Last weekend my wife and I celebrated our 10th wedding anniversary. As has become custom, we watched parts of our wedding video and looked over the photo album. The kids, as usual, complained that it was boring but at least they were able to comment on how many people that they knew looked younger. It made me nostalgic to see us so young. The world seemed so open to us and family and kids were an adventure waiting to happen. I still lived under the illusion that my parents would be together forever. I looked so happy! Later, I wondered what I would have told myself if I could go back in time. No clear answer, but I wish I still had that optimism.

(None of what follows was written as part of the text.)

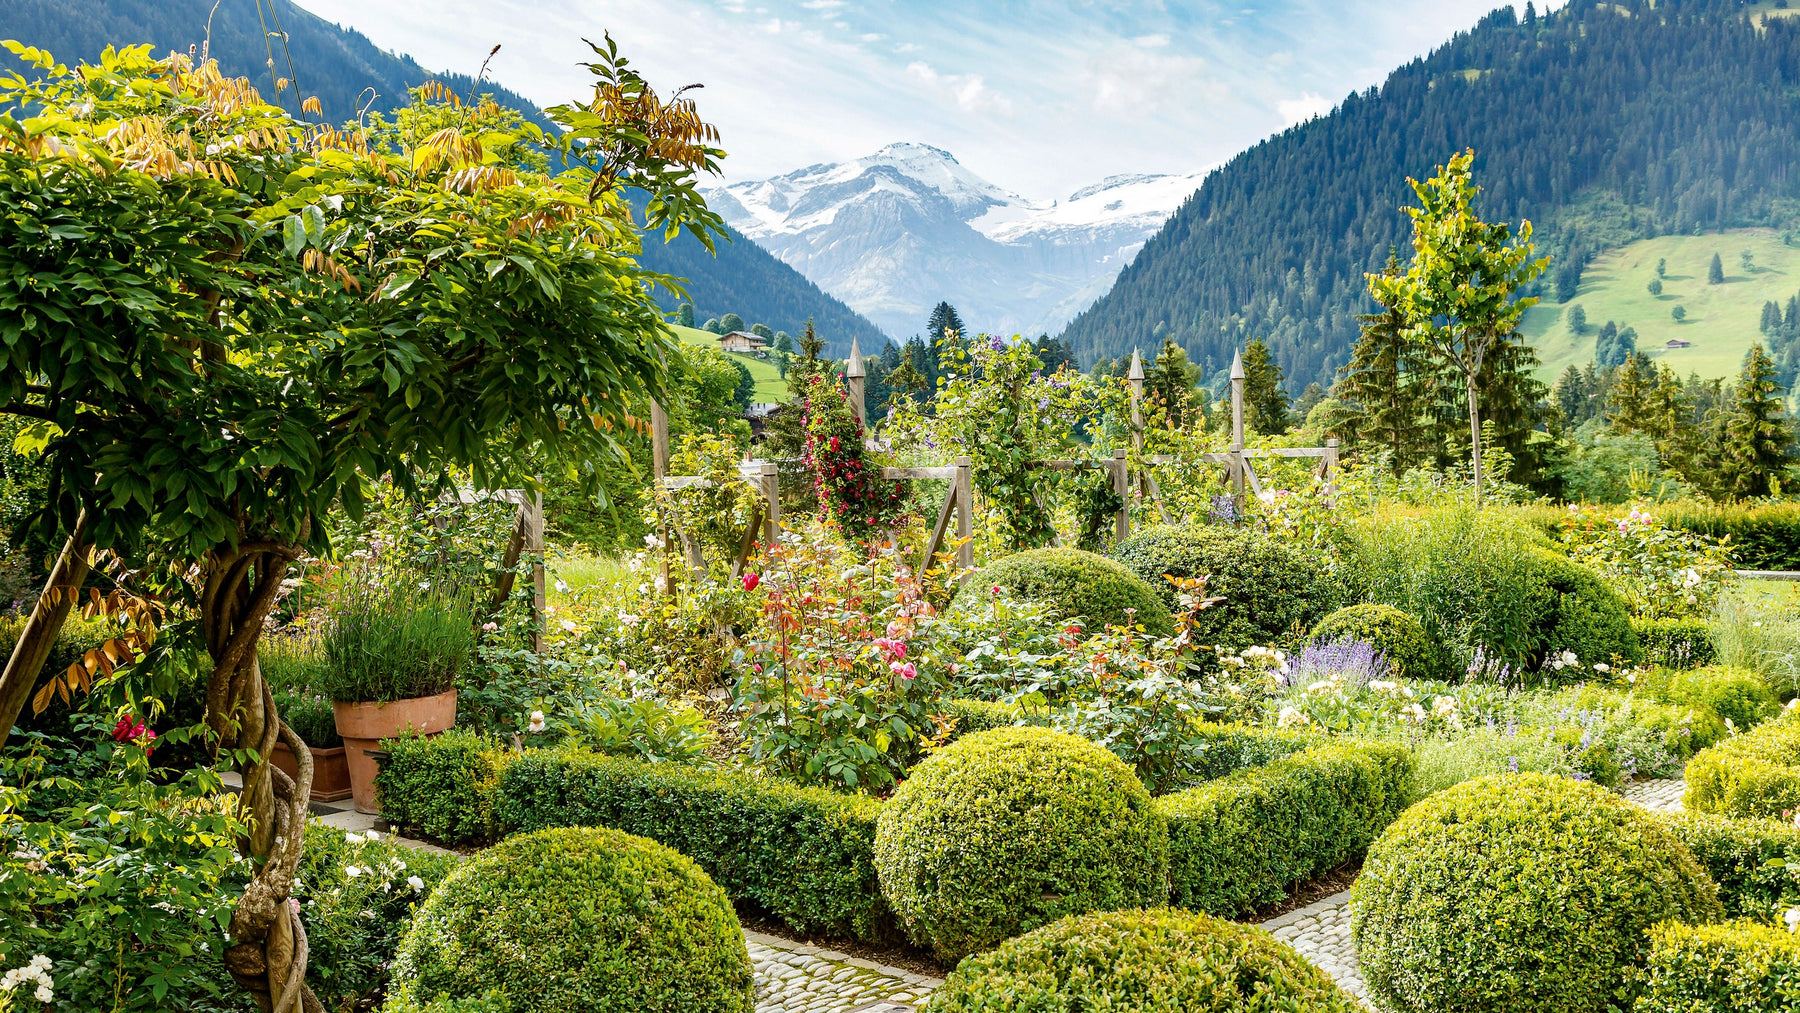 Gardens Of The World - Switzerland

My mom was kind enough to take the kids for the weekend while my wife and I went to Santa Cruz. We had chosen Santa Cruz with the idea that I could go surfing while my wife did her daily run. There would be something for both of us(on previous getaways I felt kind of stuck while she was off running). Of course the one time I make it to Santa Cruz there were no waves, so my surfboard and wetsuit ended up just coming along for the ride. I ended up joining my wife on hikes in the redwoods for both days, and really enjoyed the experience. She ran off a few times to get her jogging in, but overall we spent a lot of time together on the trails. I realized how much I missed being in nature and started getting a bit depressed since I obviously was so out of order in taking care of the things I value. The interesting part was that I shared my experience with my wife as it was happening, and she was able to redirect me to acknowledge that I wanted more nature in my life, but without the judgment. Amazingly enough it really helped me feel better.
Coming back home was not too difficult with the kids (I tend to miss them when I’m away and they didn’t have a difficult readjustment this time), but I was kind of swallowed up with the stress at work. Since I’m leaving my current group I have to train my replacement and also try to finish up some loose ends. At the same time I am attempting to get trained for the group I will be joining since there will be no overlap between existing group members leaving and me officially starting. It’s been hectic.
In our couples’ therapy after our weekend away, I triggered a big episode because I said I had a “nice time”(I’m not the most verbal person) during our weekend away, but I was back to the grind. From the ensuing discussion, among other things, I was reminded that I tend to have a very porous sieve for holding onto the good stuff in my life. It made me think back to the origins of this blog, and how it was an attempt to keep track of the good things in my life, to hold onto them longer.
It’s good to be reminded of my intentions. Seeing the video and photos from 10 years ago reminded me that we got married so as to go through life together. We were vowing to be there for each other. In the subsequent years I think I’ve forgotten that fact when it comes to my own issues, and have tended to operate under the assumption that my depression is my problem to deal with on my own. However, between our couples therapy and the experience during our hike, I am learning that it’s not just my problem and that I can get support and help from my wife and in doing so brings up closer together. Being alone with my wife reminded me of how well we tend to do with each other when we get time alone, and also of our connection and bond from all those years ago. I don’t know if this blog will be around in 10 years, but I am working to make sure the marriage is. Maybe for our 20th anniversary celebration I can convince my wife to go surfing with me.